By Monila Rana, LOS ANGELES, CALIFORNIA:- Black seniors, that include the grandfathers and grandmothers, who themselves are fully vaccinated, could be the trusted messengers the Black community desperately needs to get the Covid-19 vaccination.
Public health experts, who participated in a news briefing, opined this during the last week of September, 2021.
“In the black community, grandparents hold a place of high respect,” said pediatrician Michael Lenoir, board chair of the African American Wellness Project. “The grandmothers, in my opinion, hold the black community together.”
“If the grandparent is telling the young: ‘I got vaccinated, you need to go get vaccinated,’ there is not a lot of discussion. It’s pretty straightforward,” Lenoir said at the news briefing, jointly organized by Ethnic Media Services and California Black Media.
Older African Americans are much more open to the discussion of vaccines than younger African Americans are, said Lenoir. He noted that Black parents are holding themselves and their children back from getting vaccinated because of fears of possible negative side effects from the shot.
An estimated 48 percent of Black Californians are fully vaccinated so far, compared to 58 percent of the state’s population at large. In California, Black people constitute five percent of the state population, while they make up 7 percent of the state’s Covid related deaths, according to data from the Kaiser Family Foundation.
Dr. Oliver Brooks, Chief Medical Officer for the Watts Healthcare Corporation in Los Angeles, said Blacks are less likely to get vaccinated because of a lack of access to vaccination sites, missing a day of work to get a shot, and possibly more days if there are side effects. Some of them are actually anti-vaccine people as well, he said.
Black Americans have also been mistreated by the healthcare system and thus rightly have a distrust of it, said Brooks. “Blacks have been mistreated by the medical system for as long as we have been in this country, going back to the enslaved time.” he said, noting that medical schools would use Black bodies as cadavers for college anatomy classes.
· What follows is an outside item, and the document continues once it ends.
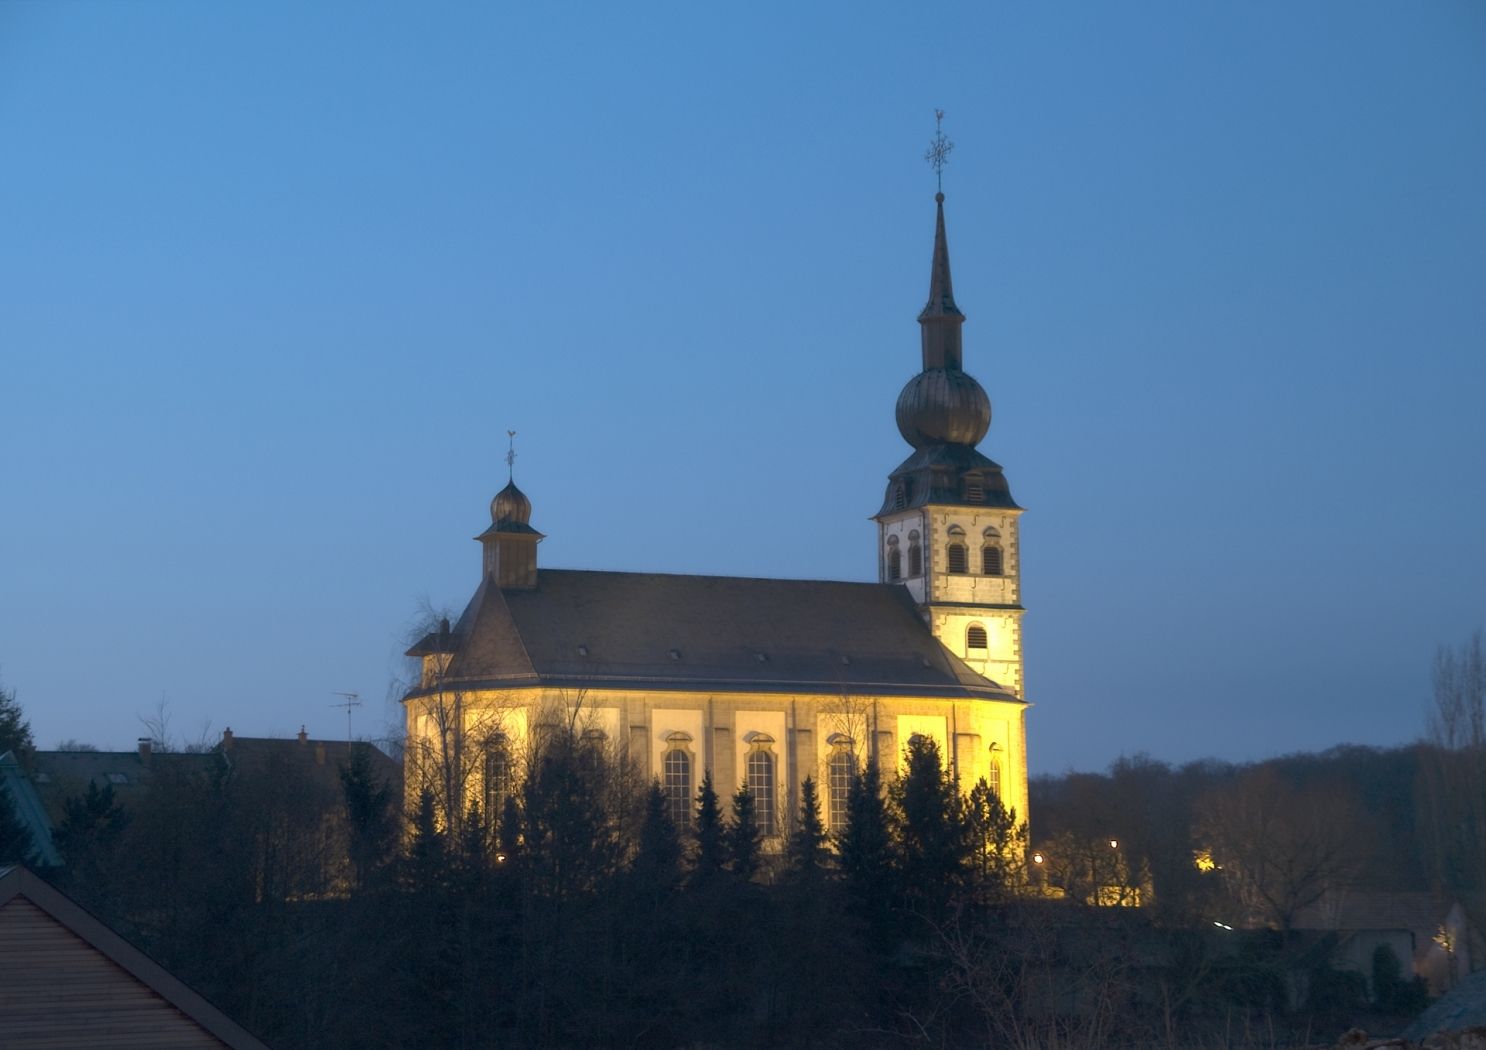 Eglise St. Remy Koerich

Sterilizations were forced upon Black women in the South. And the Tuskegee experiment — also known as the US Public Health Service experiment in Alabama — denied treatment for syphilis to Black males for four decades, to assess the impact of the disease when it goes untreated.
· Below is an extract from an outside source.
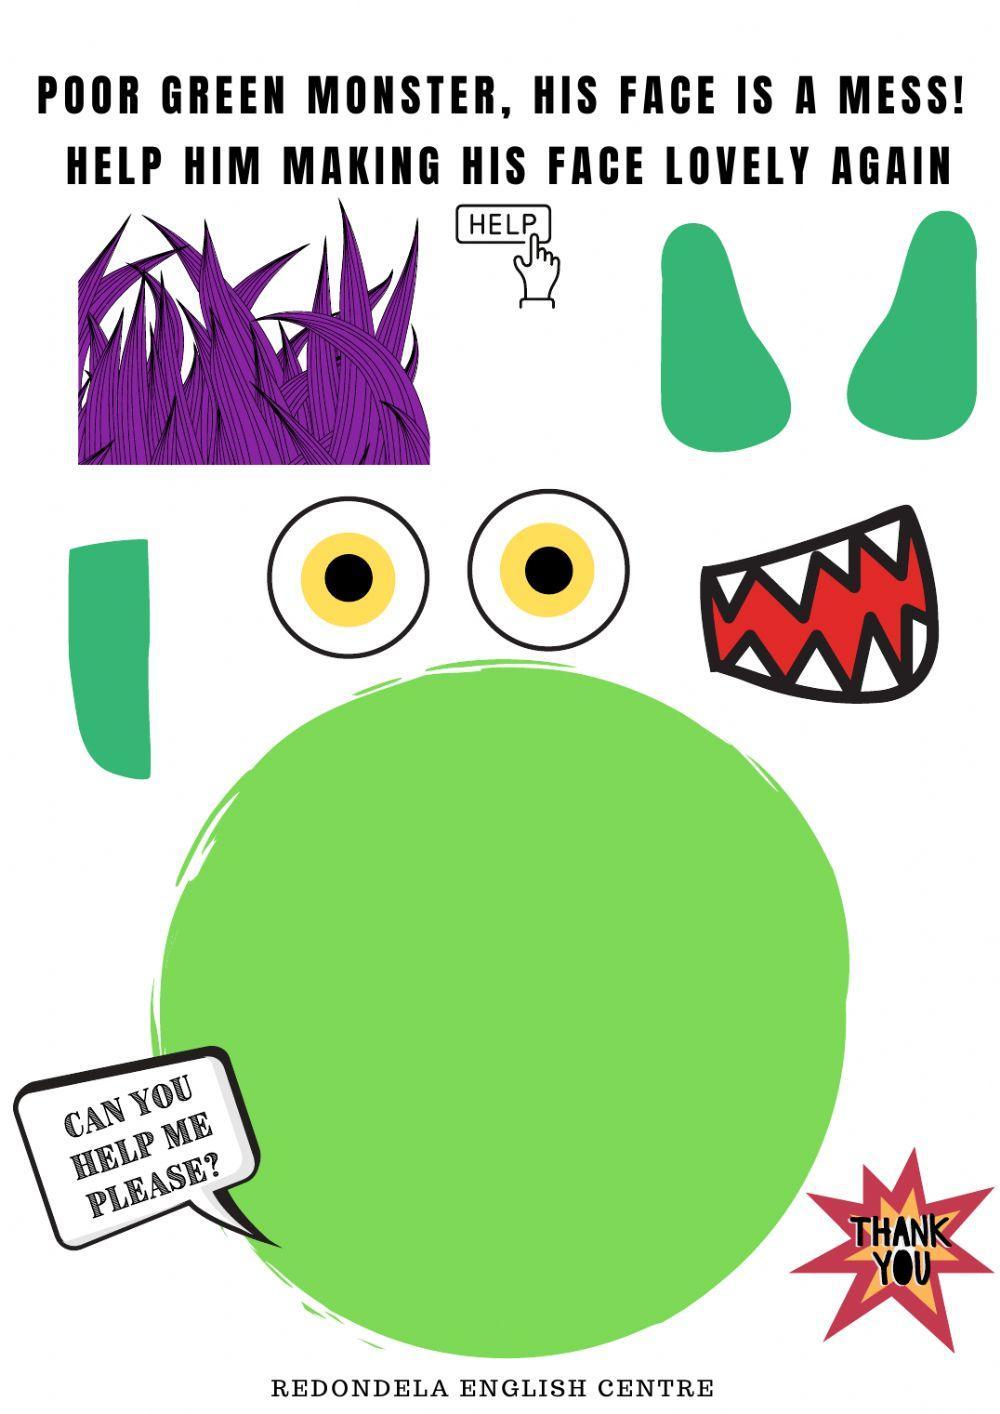 Big green monster

In the present day, African Americans are less likely to get cardiac studies and procedures, or treatment for pain. “This is all documented. So I want it to be clear that the mistrust with the medical system is valid,” said Brooks.
Former California state Legislator Cheryl Brown, co-founder of Black Voice News, discussed the necessity of trusted messengers as she introduced Rev. Steven Shepard, pastor of the AME Church in San Bernardino, California.
“He didn’t really want to get a vaccination at first. But he would always talk about how tired he was. He would always talk about he couldn’t keep his eyes open, how he had lost his sense of taste.”
Brown’s husband called the county hospital. A doctor spoke to Shepard and told him to go to the hospital right away. “Five days later, the doctor looked at him and said: ‘You know, people come in your condition, they don’t generally walk out.’”
“The pastor is convinced now that this is something that’s very important for us as African Americans, and he has gone all out. His leadership is what’s changing the trajectory of this vaccine in our community,” said Brown.
“I was on the Covid doorstep of death,” said Shepard. “I did not want to get the vaccine because of some of the issues that both doctors had discussed, and how we’re treated every day when we go into doctors’ offices or to ER rooms.”
But historically, the Black church has served as the epicenter for bringing about positive change in the community, said Shepard. “When I was released from the hospital, I felt it was my job to make sure that our community had the right information. The Bible tells us that our people perish for lack of knowledge.”
“I was so into dealing with what happened in the past, that I did not take the time to realize the science behind the vaccine,” he said.
Alva Brannon, who recently became fully vaccinated, said that she has a distrust of the healthcare system because her father was part of the Tuskegee experiment and did not get treated for his syphilis. Brannon contracted syphilis in utero and lost her vision in childhood. Her mother had to get a court order so that she could receive a corneal transplant.
When her doctor asked her to get vaccinated, the elderly woman initially said no, believing the vaccine would harm her. But a few days later, she got a call from her church, which had set up a vaccination site to administer the single dose Johnson and Johnson vaccine. “I accepted that as a symbol of God, and that it was time,” she said, adding that she then encouraged her children and relatives to get vaccinated as well.
The briefing also featured the premiere of a video-rap created by Christopher Hargrove-Thompson and his roommate Nicholas Buckwalter. The video shows Chris going to CVS to get his shot while rapping about wanting to be safe, so he can see his grandmother.
“A lot of our information is filtered through social media; there’s so much misinformation. Even if you don’t fully believe it, a lot of young people already are so busy and just procrastinate on a variety of things, not just vaccinations. And misinformation allows people to just delay the entire process as a whole,” said Hargrove-Thompson.